“While the Green Grass Grows“, um projeto do suíço-canadiano Peter Mettler, que será composto por sete partes- das quais duas foram apresentadas em estreia mundial na 54ª edição do Visions du Réel, foi o grande vencedor do certame, que termina na próxima segunda-feira, 1 de maio.
Esta é a segunda vez que Peter Mettler ganha este prémio, depois de em 2002 ter conquistado o principal prémio do certame com “Gambling, Gods and LSD”.
“While the Green Grass Grows” é o projeto mais pessoal de Mettler até hoje, um diário cinematográfico filmado ao longo de três anos, de 2019 a 2021, com cerca de 11 horas no total. As partes 1 e 6, com a participação dos pais, foram exibidas juntas em estreia mundial no dia 24 de abril, no âmbito da Competição Internacional do festival, com o objetivo de demonstrar a narrativa e a sensibilidade de todo o projeto. As outras partes foram apresentadas na seção da indústria Work-in-Progress, onde Mettler e a sua produtora de longa data, Cornelia Seitler, procuraram parceiros para ajudar a concluir o processo de montagem e pós-produção.
Já o Prémio Especial do Júri foi para a produção coreana “Defectors“, enquanto a menção especial foi para o meticuloso “In Ukraine” de Piotr Pawlus e Tomazs Wolski.
Na Competição Burning Lights, o vencedor foi “Knit’s Island“, de Ekiem Barbier, Guilhem Causse e Quentin L’Helgouac’h. Filmado inteiramente dentro de um jogo de sobrevivência na WEB, o filme acompanha comunidades que fingem viver uma ficção de sobrevivência. Os avatares dos diretores de Knit’s Island passaram 963 horas ali, criando um filme fascinante resultante do encontro com essas comunidades. Os “jogadores” revelam os medos e fantasias, numa confusão por vezes inquietante do real e do virtual. Noutros vencedores desta secção encontramos “This Woman“, de Alan Zhang, com o Prémio do Júri, e “Guián“, de Nicole Chi Amén, com uma menção especial.

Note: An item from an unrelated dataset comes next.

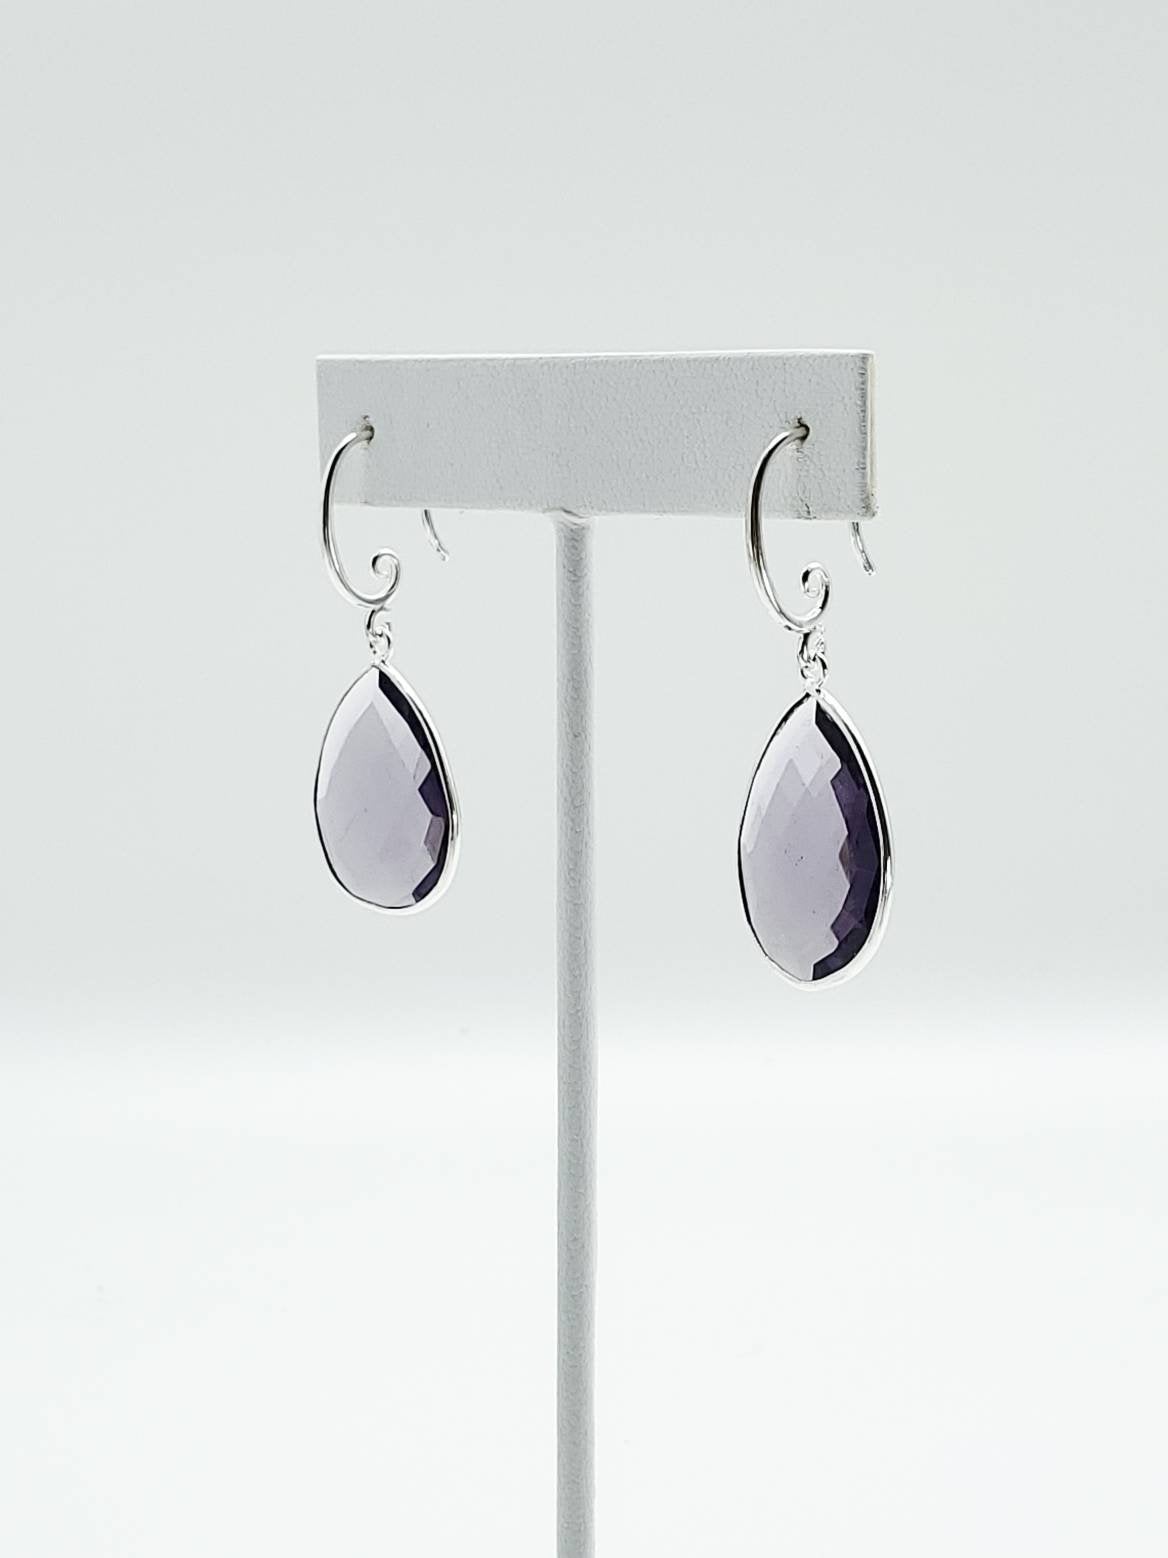 Silver Plated Pear Briolette Amethyst Bezel Earrings on Sterling Silver Ear Wires - The Caffeinated Raven
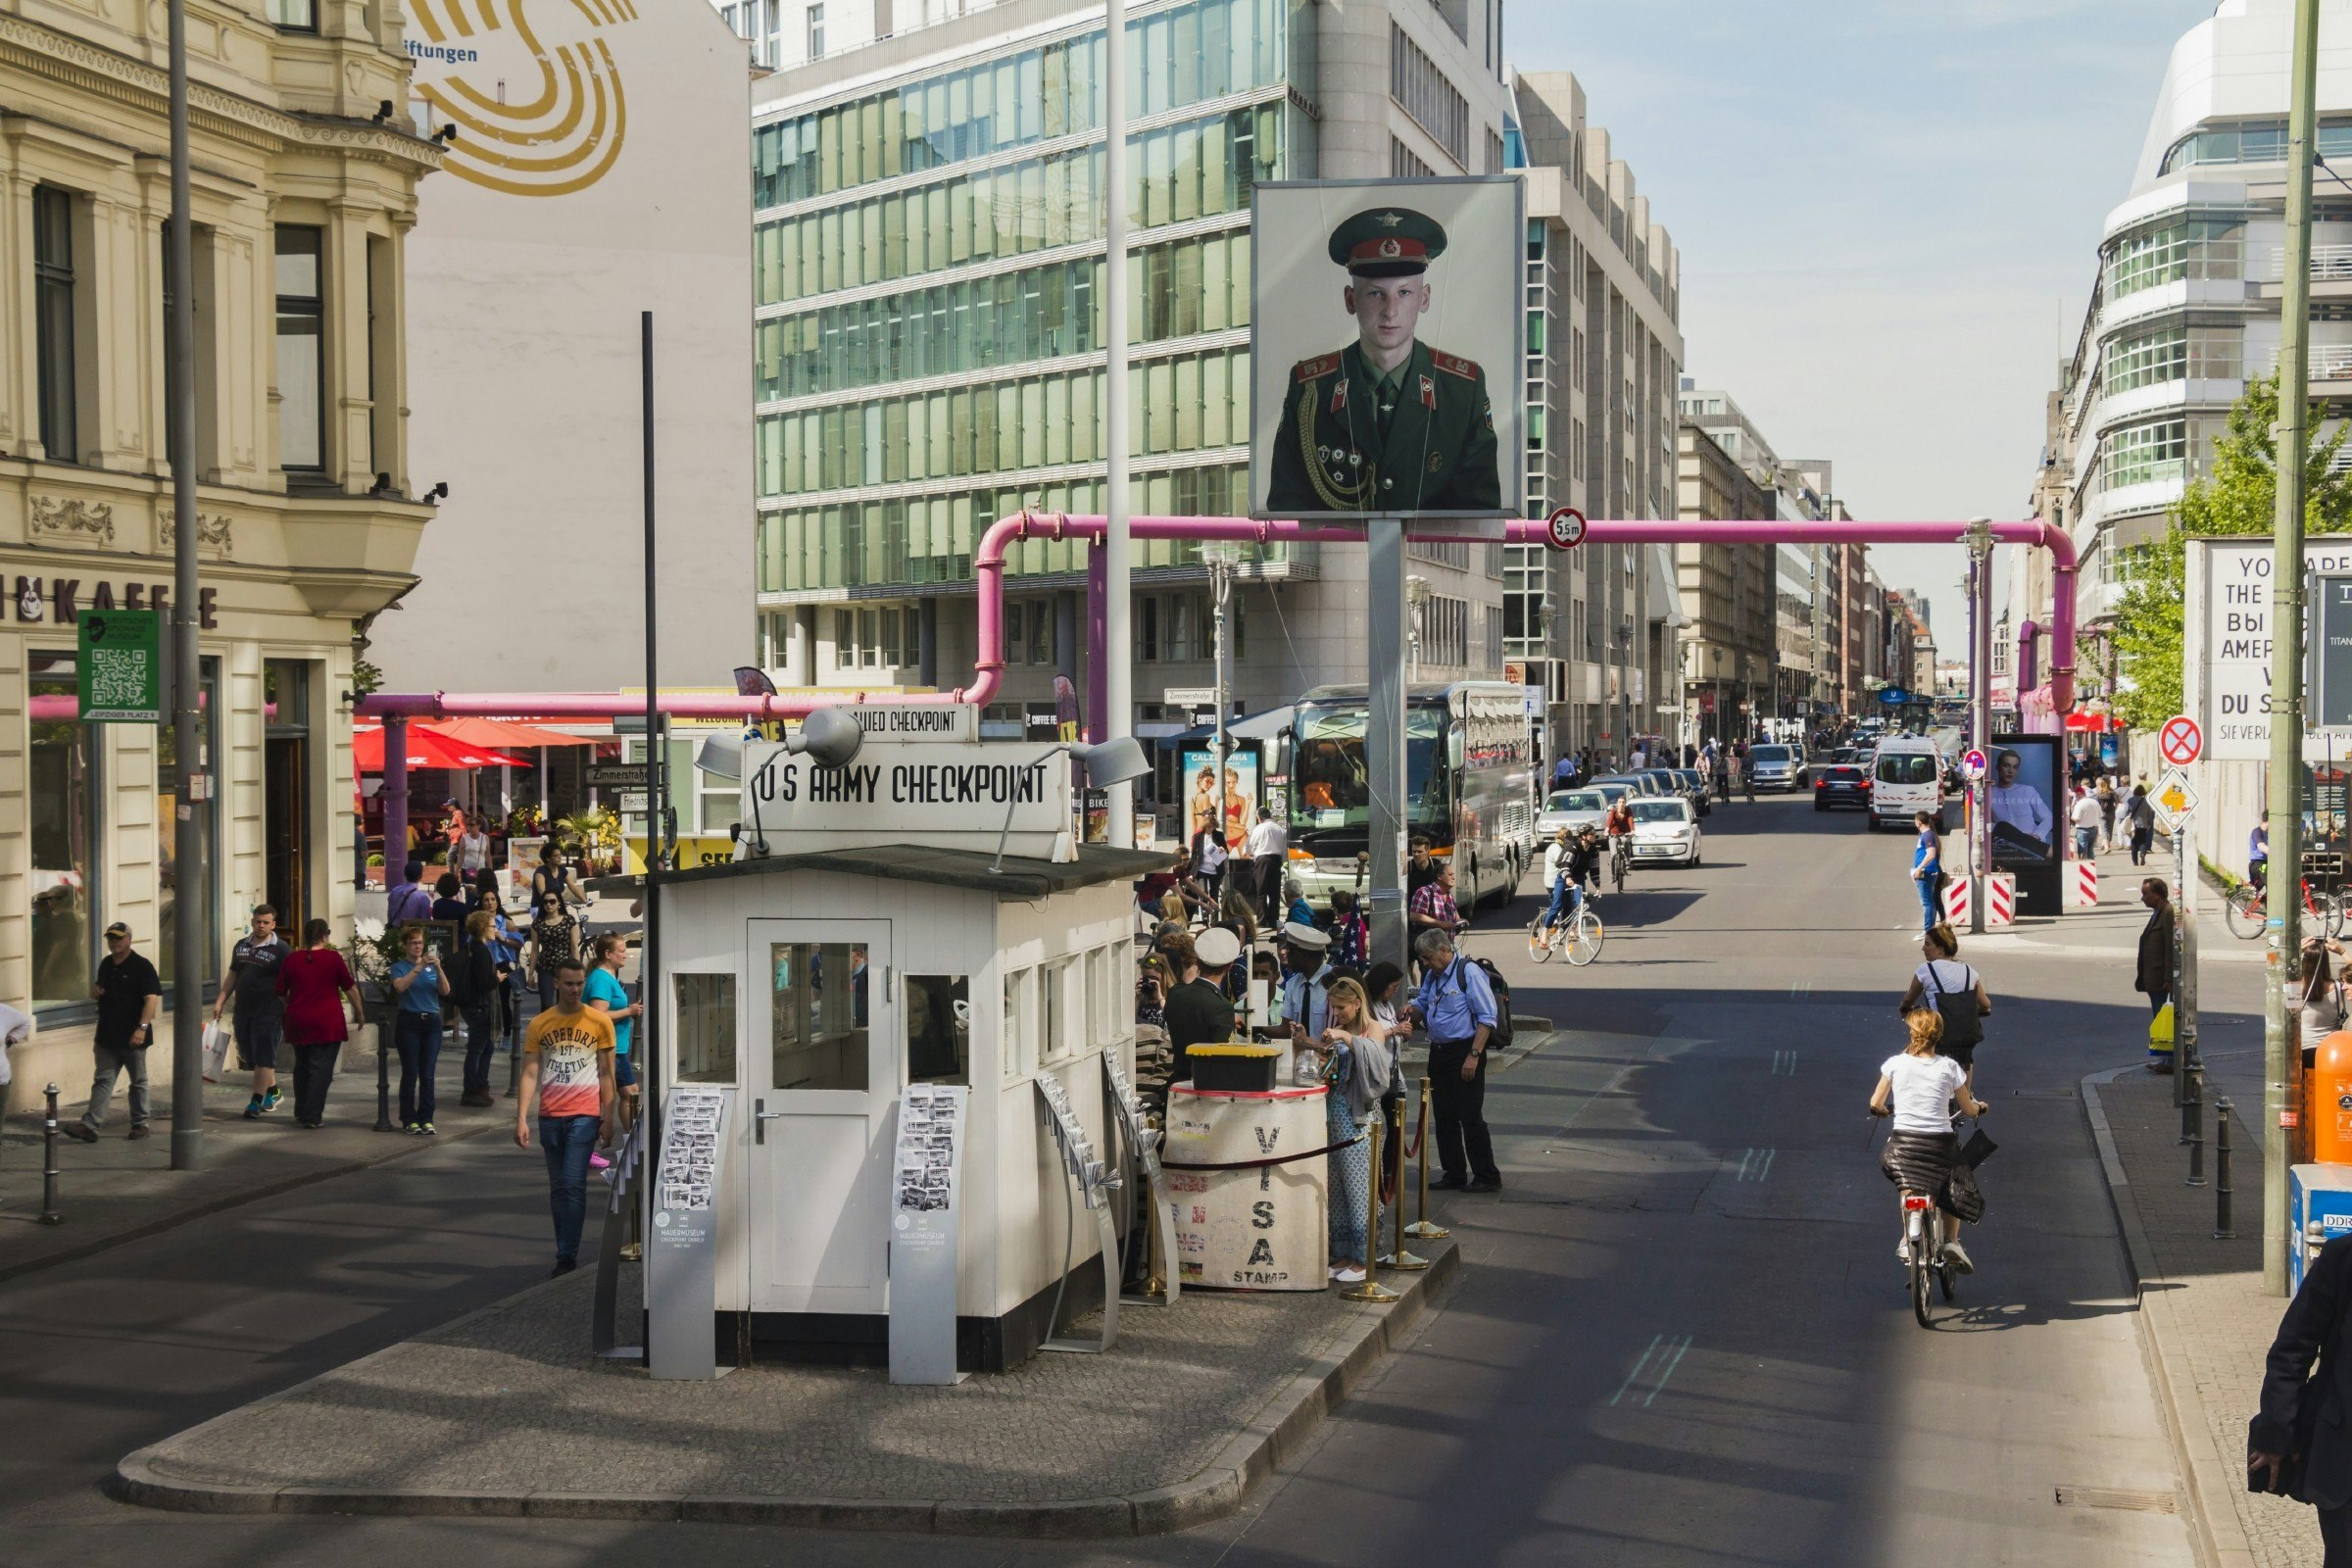 A crowd of people at Checkpoint Charlie, the former Berlin Wall border crossing point between East and West Berlin.

O vencedor escolhido da Competição Nacional do Visions du Réel – composta quase inteiramente por obras de mulheres e jovens cineastas – foi “Chagrin Valley“, filme de estreia de Nathalie Berger que oferece uma imersão desconcertante no quotidiano evanescente dos residentes em lares de terceira idade. Nesta secção, o Prémio Especial do Júri foi para “The Wonder Way“, de Emmanuelle Antille, enquanto “La Maison“, de Sophie Ballmer, conquistou uma menção especial.
“A riqueza da arte exibida nesta edição tornou-a uma ocasião particularmente agradável. A lista de vencedores – que inclui vários filmes realizados por mulheres (11 de 18) – ajuda a retratar um Festival cujos excecionais Convidados de Honra e Convidados Especiais ficarão na memória. Lucrecia Martel e Alice Rohrwacher, ao lado de Jean-Stéphane Bron, terão feito deste Festival um espaço de diálogo ao mesmo tempo inspirador, aberto e acessível. A edição de 2023 terá sido dominada por mulheres. É também uma honra e um prazer que o Grande Prémio volte a ser atribuído a uma produção suíça, que – e isto já é uma certeza – ficará para a história do cinema”, disse a diretora artística do Visions du Réel, Emilie Bujès.